O olhar aos poucos foi perdendo a firmeza com que se dirigia ao longe. As idéias deviam pesar e cansar o pescoço. Ele foi relaxando e já  a cabeça desceu alguns graus. O bastante para, em vez do horizonte, ela agora olhar em direção a um chão distante. E pouco depois a outro chão já não tão distante.

O cigarro ia e vinha. Dá altura da coxa para a boca. La embaixo, ficava quieto, a um palmo do corpo, para não lhe queimar. Em cima, era cada vez mais lento e cuidadoso o carinho dos labios dela com ele. Não tragava fundo. Pegava-o com a ponta dos labios, cada vez mais devagar, e deixava que a mão o levasse embora de novo.

Quando percebeu que os olhos não viam mais o longe, nem o chão, nem nada, tomou ar bem fundo. Fez com os olhos foco em algo do jardim, depois nos pés, cabeça baixa. Jogou a bituca no cinzeiro ao lado da porta e se apressou para a mesa, para pegar o relógio na bolsa e anunciar que a aula estava para acabar.

Corri escrever umas linhas a mais. Não deu tempo de passá-la para frente de mão em mão como acontecia no final da aula sempre. Tive de levar até sua mesa, à pilha que esperava pelos atrasados. Tive o cuidado de sincronizar o movimento de colocá-la com o de outro aluno para que a dele cobrisse a minha e professora não visse meu nome nela. Aquela sala grande, mais de duzentos alunos, era meu anonimato.

Essa redação, ela me devolveu sem correções, com o desenho de uma bonequinha que sorria, de sua boca um balão, desses de história em quadrinhos: “Posso ficar com esta?”. Devolvi-lhe ao fim da aula, com outro recado curto: “Claro, fiz pra ti.”

Ela não me viu pegá-la nem devolvê-la. Eram muitos alunos para ela fazer isso pessoalmente. Passávamos tudo de aluno para aluno, para retirar, e púnhamos sobre sua mesa para entregar. Nunca tive curiosidade de ver o que ela escrevia nas redações dos outros. Quebrar o encanto de saber se ela deixava recados amais alguém. Achava fascinante ela não saber qual de nós, éramos muitos para ela conhecer pelo nome, era, de certa forma, seu correspondente.

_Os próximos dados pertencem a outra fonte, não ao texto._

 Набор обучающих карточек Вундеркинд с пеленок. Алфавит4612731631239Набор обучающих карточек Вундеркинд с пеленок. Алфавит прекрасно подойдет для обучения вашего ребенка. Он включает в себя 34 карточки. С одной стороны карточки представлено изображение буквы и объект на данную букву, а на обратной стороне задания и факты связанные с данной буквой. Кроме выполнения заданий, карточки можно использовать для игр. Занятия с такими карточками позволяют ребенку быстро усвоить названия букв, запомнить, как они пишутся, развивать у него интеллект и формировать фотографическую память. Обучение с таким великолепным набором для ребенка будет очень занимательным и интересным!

Logo após as férias, fiquei muito doente. Culpa da correria irresponsável de quem tenta abraçar o mundo sem tempo a perder, do inverno mais rigoroso que já peguei nesta cidade e de alguém que me passou uma pneumonia. Afastei-me do cursinho por mais de um mês, voltei num sábado, para uma aula de redação de despedida. Essa aula não valeu, foi com a professora da outra classe, elas revezavam os sábados. Não escrevi nada e acabei deixando o curso de uma forma que, se me pareceu mau educada na época, covarde parece-me hoje.

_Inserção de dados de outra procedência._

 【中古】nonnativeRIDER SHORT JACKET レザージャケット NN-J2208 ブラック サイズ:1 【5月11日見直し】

Tive uma pneumonia, resultado da correria e de tanto tomar chuva no inverno de 93. Assustado com o diagnóstico, e também acomodado, hoje confesso, pensei em largar a faculdade em que tinha entrado havia poucas semanas, no vestibular de julho. À época, cursava ao mesmo tempo, a faculdade pela manhã, o quarto ano do colégio à tarde e o cursinho à noite. Dormia menos de quatro horas por dia, durante a semana. Desempregado, por conta do alistamento militar iminente, achava que tomar todo o meu tempo estudando não fosse mais que obrigação. Aquele inverno, o mais gelado apesar de um dos últimos chuvosos de que me lembro em São Paulo,  ao colaborou. O médico me assustou e o cansaço venceu. Mas não tive coragem de me despedir dos amigos que fiz naqueles primeiros dias de faculdade e mudei de ideia. Foi o cursinho que deixei. Dei dois ou três abraços e sumi.

As outras redações, quando mudei-me para São Paulo, fechei-as em um desses envelopes grandes de papel pardo, bem colado para que ninguém as lesse por curiosidade. Deixei-o numa das duas caixas de papelão com outras coisas que disse para a mãe guardar até que eu me mudasse para um apartamento maior. Quando procurei-as, dois ou três anos depois, já tinham sido jogadas no lixo: “Só tinha papel, caderno, livro…”, disse a mãe. Dizem que não se pode ter raiva de mãe.

Da professora de redação, que fumava na porta da sala com os olhos perdidos na mesmice do teto e para quem eu escrevia duas vezes por semana, não sei mais o nome. Só me lembro de que era algo que não combinava com ela. Na memória, guardei-a por como a vi e pelo qu fazia. Como nome, deixei um XXX, parece carta anônima. Fica bem assim. Combina com um film noir, em preto e branco, com a protagonista fumando, pensativa, a olhar o céu.